*Exercise objective*: What you should give back is a precise copy of the lines below from the one containing "Aesthetic floral postage" through the one containing "Die Another Death - Die", with no pictures.

*The input*:
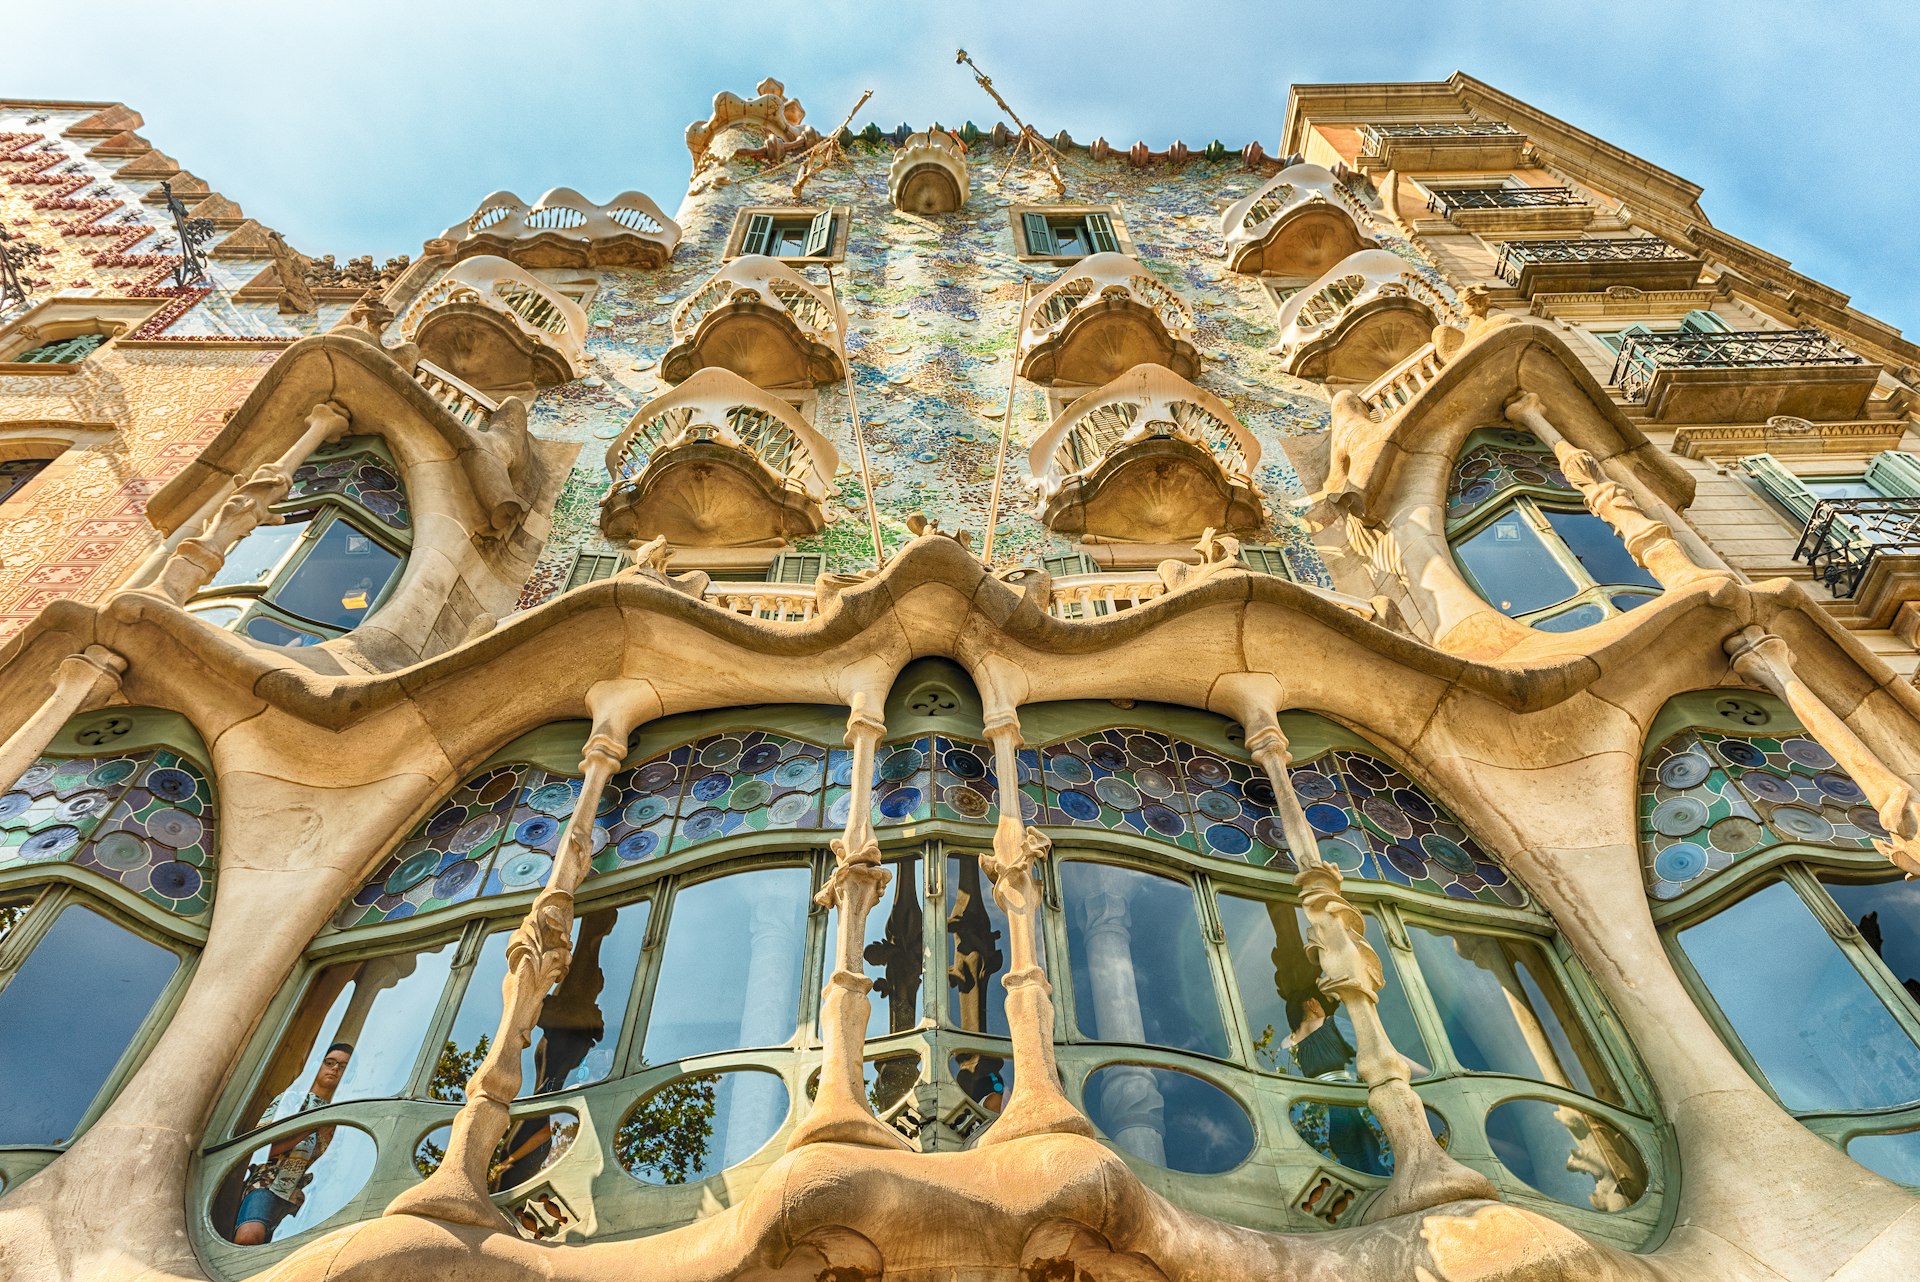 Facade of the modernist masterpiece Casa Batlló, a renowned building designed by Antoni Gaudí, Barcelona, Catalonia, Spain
--
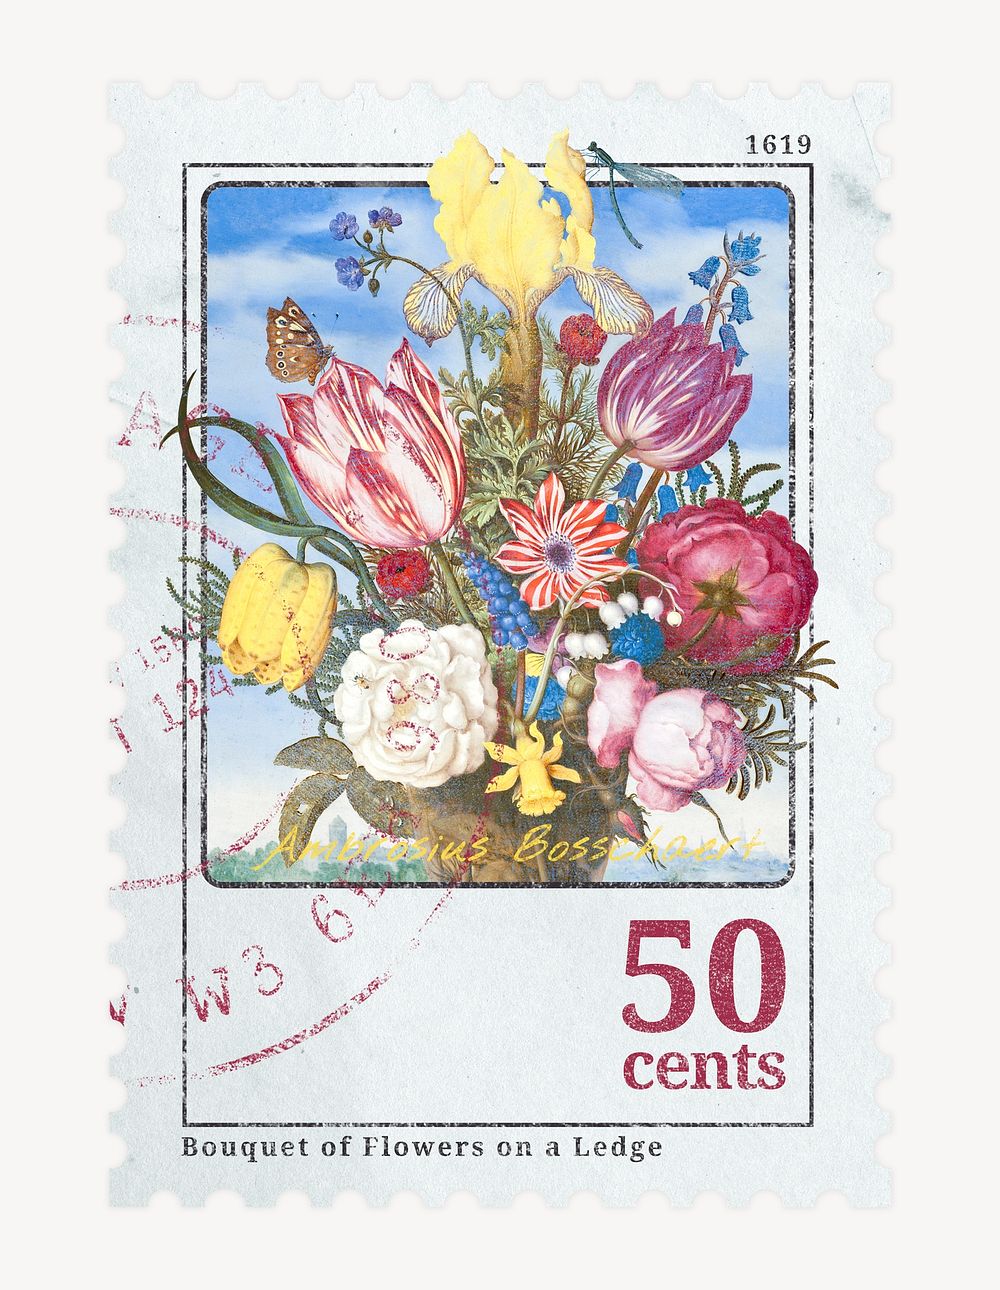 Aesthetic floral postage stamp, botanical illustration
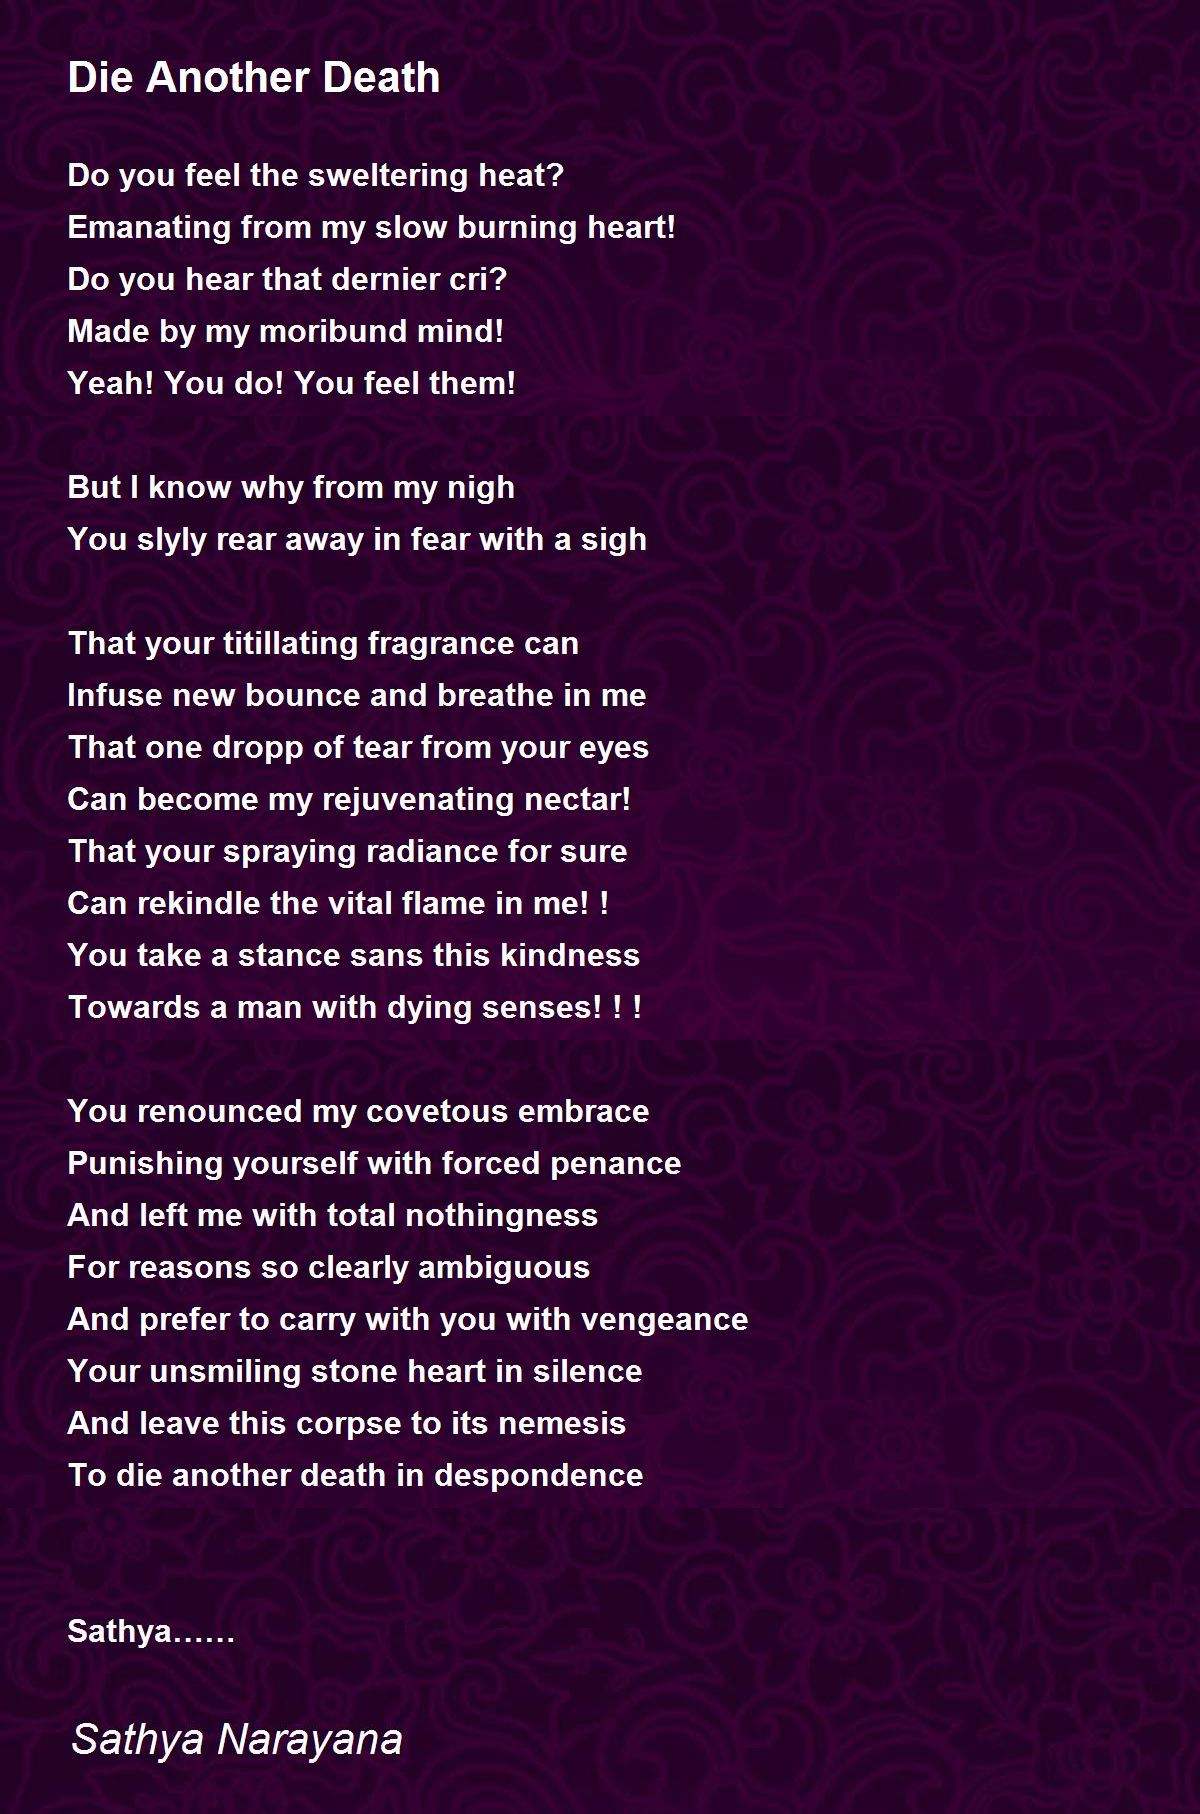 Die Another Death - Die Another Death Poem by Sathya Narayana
...
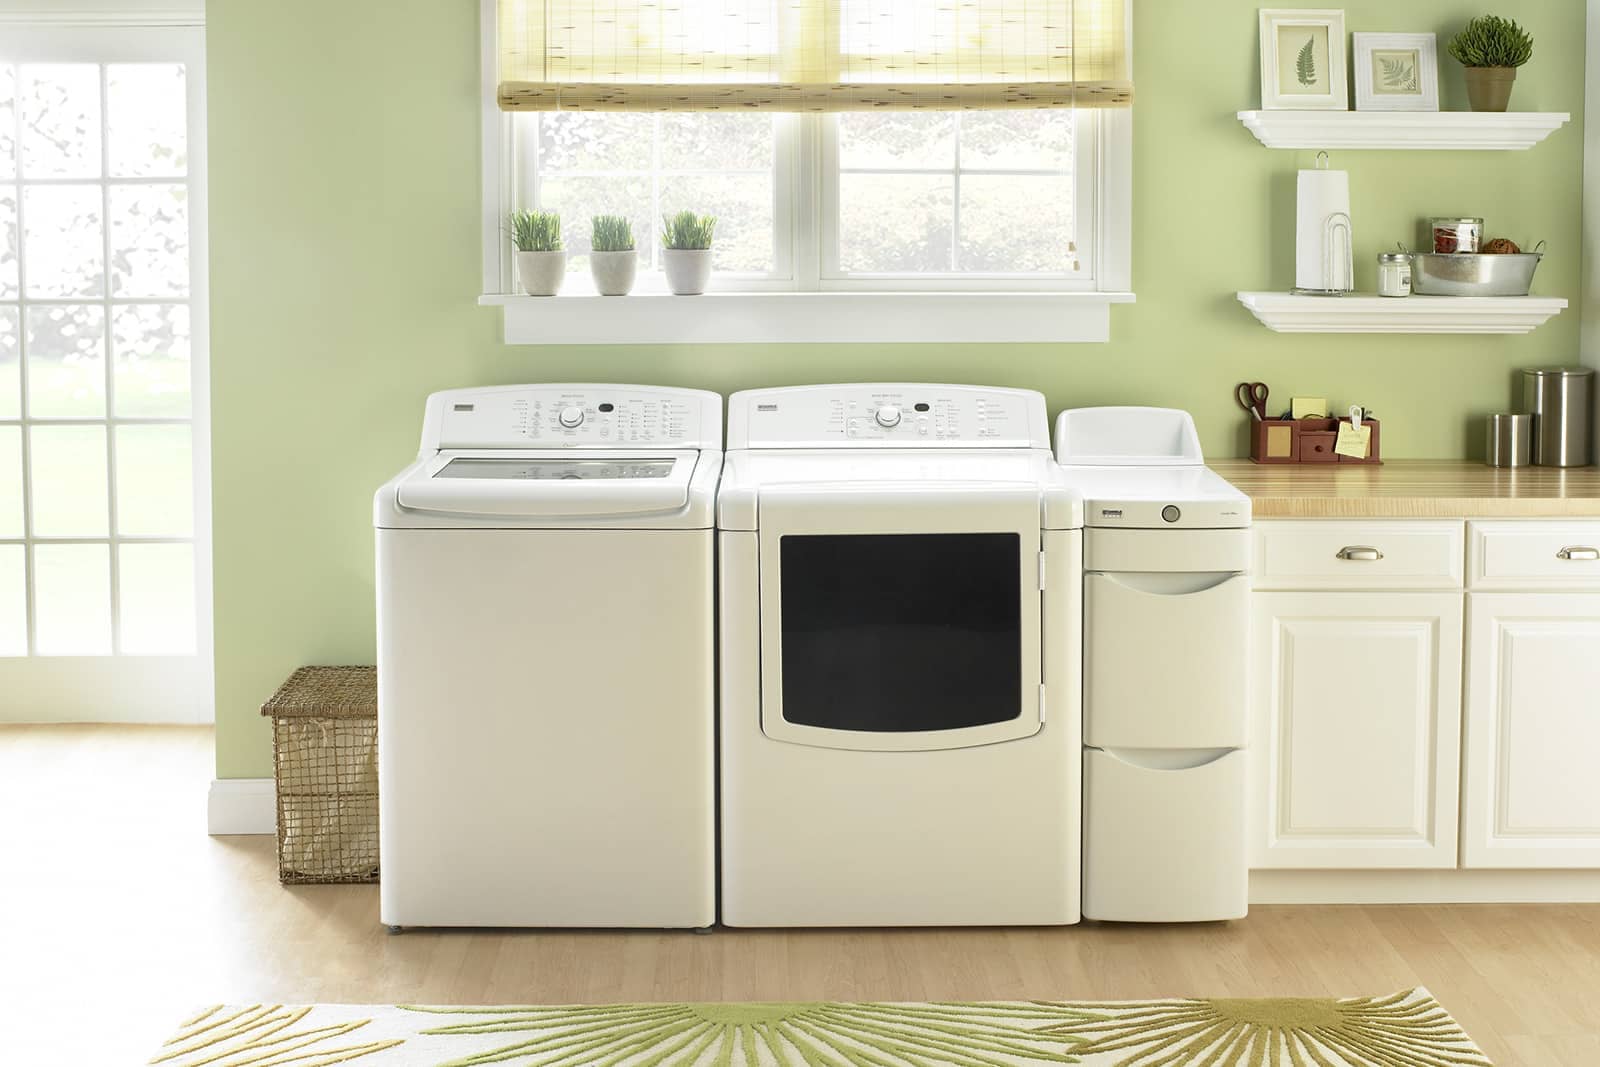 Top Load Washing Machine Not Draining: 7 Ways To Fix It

*Task solution*:
 Aesthetic floral postage stamp, botanical illustration
 Die Another Death - Die Another Death Poem by Sathya Narayana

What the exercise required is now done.